“Take the well-known example of the Toyota Prius. This hybrid car was not the result of user-centered innovation. Toyota started to design the Prius in 1994, when user-centered analysis and market data were pulling auto manufacturers in a different direction: toward heavy, gas-guzzling SUVs. The Prius was a proposal — a vision that came from a better understanding of the future evolution of the socio-cultural and economic scenario. Now, more than a decade after it was first launched, people like it, even if they did not ask for it when it was conceived. And thanks to its early start, Toyota is well ahead of its competitors.”
Harvard Business Review: User-Centered Innovation Is Not Sustainable (via exmilitary)
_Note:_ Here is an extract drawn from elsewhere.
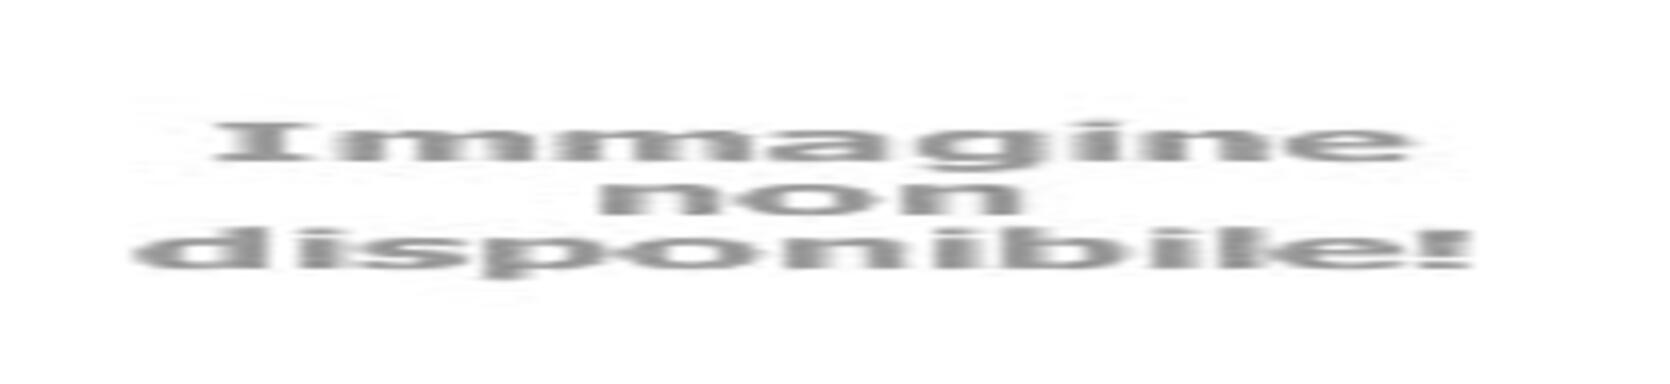 basketriminicrabs it 2-2696-settore-giovanile-u15-ecc-a-straordinaria-vittoria-nel-derby-con-santarcangelo 003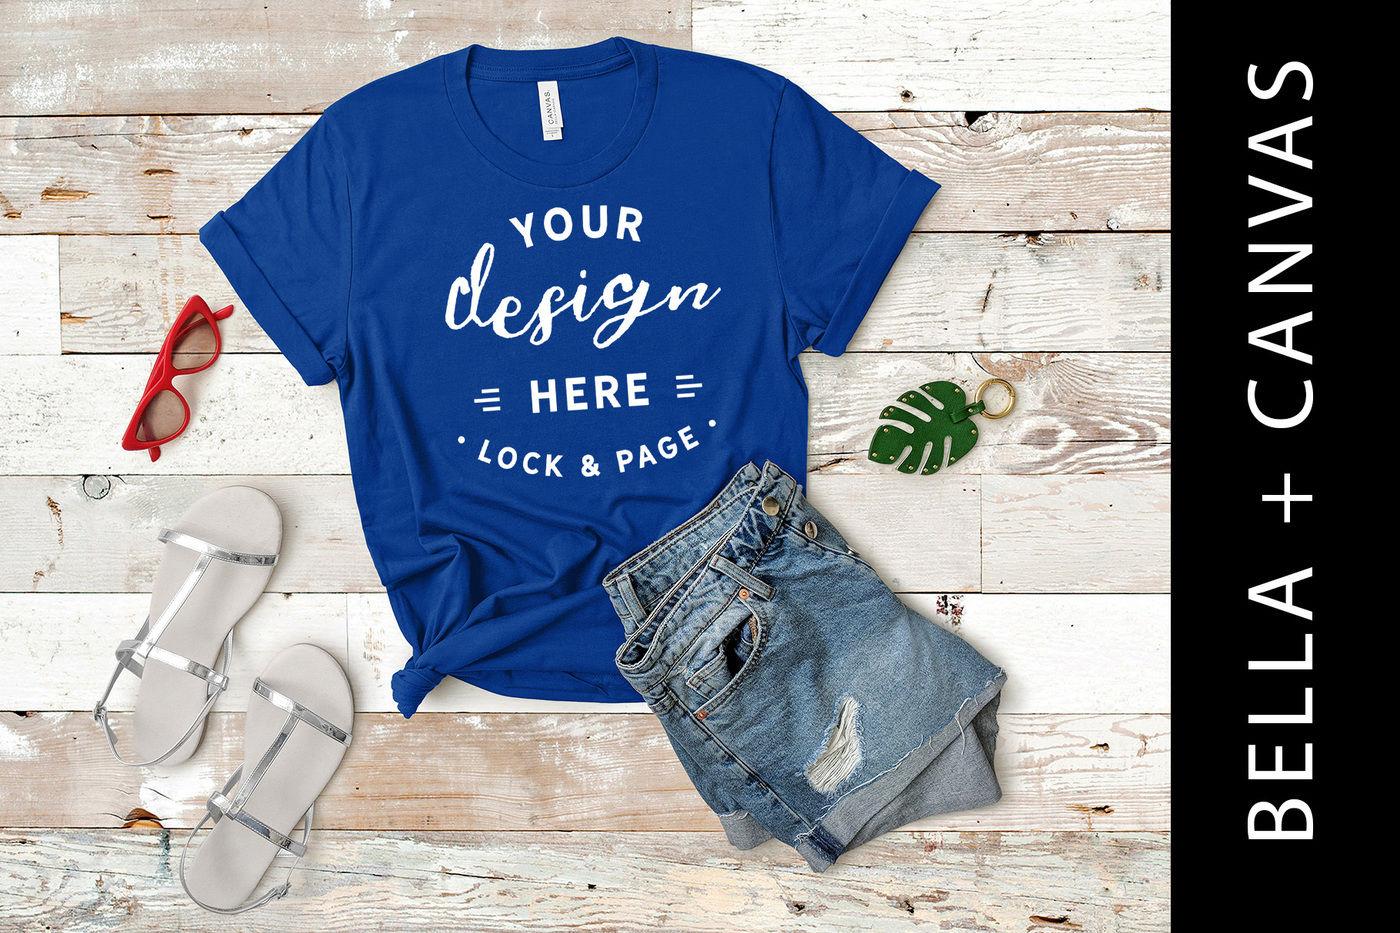 True Royal Bella Canvas 3001 T Shirt Mockup Blue T Shirt Flat Lay

This pretty much sums up why I’m skeptical about user-centered design and UX research: as the Prius example shows, as the recently re-circulated initial reactions to the iPod confirm, and as my early experience getting feedback on Birdfeed taught me personally, people generally only think in terms of what they know, so if you ask them what they want, they’ll tell you the same and more of it. I think that great products—the kind that change the world, the kind people truly love—usually have a strong, often counter-intuitive, point of view, so a methodology that relies too much on what people say they want, instead of trying anticipate what they don’t yet realize they want, seems like a poor way to invent the future.